CHARLESTON — A federal lawsuit alleges the makers of Juul electronic cigarettes intentionally have marketed their products to children.
“They make it look cool and sleek,” said Brett Preston, one of the attorneys who filed the case Aug. 13 in federal court in Charleston. “It’s all over the place. There is no denying it’s a major problem. The CDC already has called it an epidemic.”
The 65-page potential class action, filed by a mother only identified as R.E. on behalf of her child identified as P.K.E., details the history of electronic cigarettes and how the companies allegedly target youth. It lists Juul Labs Inc., Altria Group Inc. and Philip Morris USA Inc. as defendants. P.K.E. is described as a 16-year-old addicted to Juul e-cigarettes.
Preston said these companies use many of the same strategies that cigarette companies did for years to promote their products to teens and pre-teens.
“It’s exactly like that,” Preston told The West Virginia Record. “It’s the same playbook. The issues here have been around for a long time. Combustible cigarette companies wrote a whole playbook on how to keep a steady supply of customers. It all was sealed in the landmark tobacco litigation, but it was reopened. These guys admittedly went and got that playbook.”
In addition to Preston, fellow Preston & Salango attorneys Ben Salango and Dan R. Snuffer are listed as plaintiffs attorneys as well as Scott Segal and C. Edward Amos II from The Segal Law Firm.
Preston said there are several similar lawsuits across the country.
“There are a lot of lawsuits filed already, but it’s just the tip of the iceberg of what’s to come,” Preston said. “I’m aware of two classes filed – one in California, one in Florida – seeking to cover all users. Kids, new smokers, those trying to kick addiction. That seems like a tall order to me. I don’t know if you’re serving anybody very well if you’re trying to serve everybody.
“The bottom line is that we don’t want our kids getting addicted to nicotine. We’re just trying to get these out of the hands of all of our kids’ friends.”
Preston said Juul’s recently has started a marketing strategy targeted at youth cessation.
“They point to that and say they’re not trying to market toward kids,” Preston told The Record. “One, they just put it in place. Two, there are ads marketing to kids. So, are they doing this because they’re a benevolent company or did their crisis control people tell them to get ahead of the issue?
“I mean, kids already are developing a deceptive personality because of these. They’re trying to sneak around and hide it from their parents.
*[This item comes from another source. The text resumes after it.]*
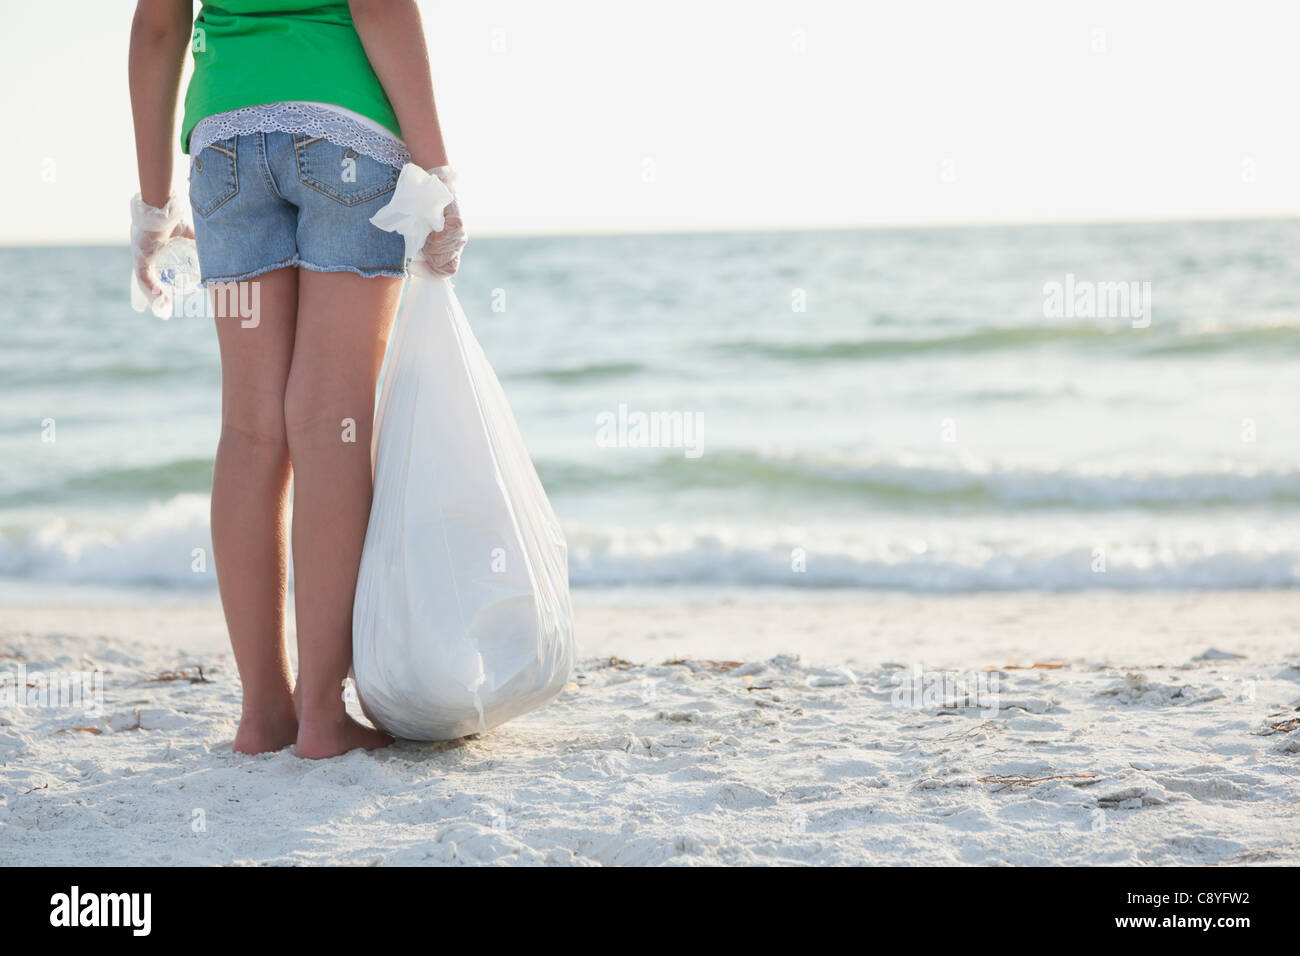 USA, Florida, St. Petersburg, Rear view of girl (10-11) standing on beach with garbage bag, facing ocean Stock Photo

“The bottom line is I don’t think very many people are going to come down and say this lawsuit is a bad idea. I’ve never seen anything this unhealthy and this bad spread so fast. It’s the biggest wave of addiction I’ve ever seen.”
The complaint mirrors Preston’s comments.
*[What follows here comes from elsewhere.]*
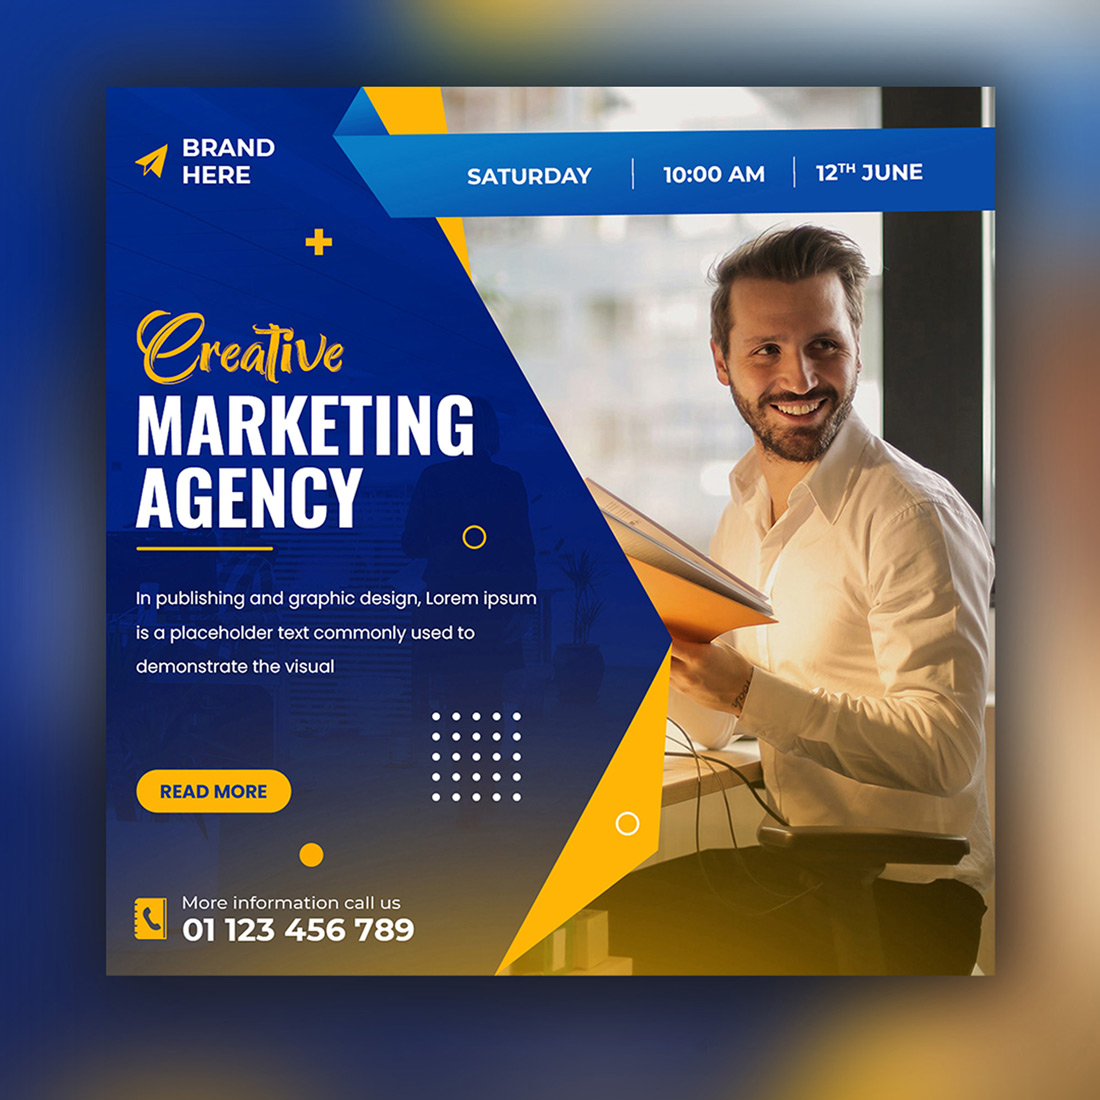 Blue and yellow flyer for a marketing agency.

“Because Juul’s marketing turned the Juul into a status symbol for teens, the acute nicotine addiction a Juul fosters is frequently reinforced by the idea – which Juul spread – that Juul use is what ‘cool’ popular kids do in high school,” the lawsuit states. “As a result, the medical community has found itself ill-equipped to develop a treatment for Juul-addicted youth. …
“The teen vaping epidemic was by design, not by accident.”
The complaint claims Juul’s purpose is to foster and maintain nicotine addiction, saying Juul manipulates its nicotine formulation to make it attractive to youth and non-smokers and more potent and addictive than cigarettes.
It also alleges Juul has deceptively marketed its e-cigarettes as an alternative to cigarettes “when it is more potent and more addictive than cigarettes.” Also, it claims Juul falsely represents that Juul pods contain the nicotine equivalent of a pack of cigarettes “when they actually deliver a particularly potent dose of nicotine.”
The complaint says Juul intends to continue to deceive consumers about nicotine content despite its recent “Switch” campaign suggesting Juul is a smoking cessation device and that it is a cost-effective alternative to smoking.
It says Juul relies on viral marketing campaigns to draw new young users, including flavors, free giveaways at live social events and the paid use of third-party “influencers.”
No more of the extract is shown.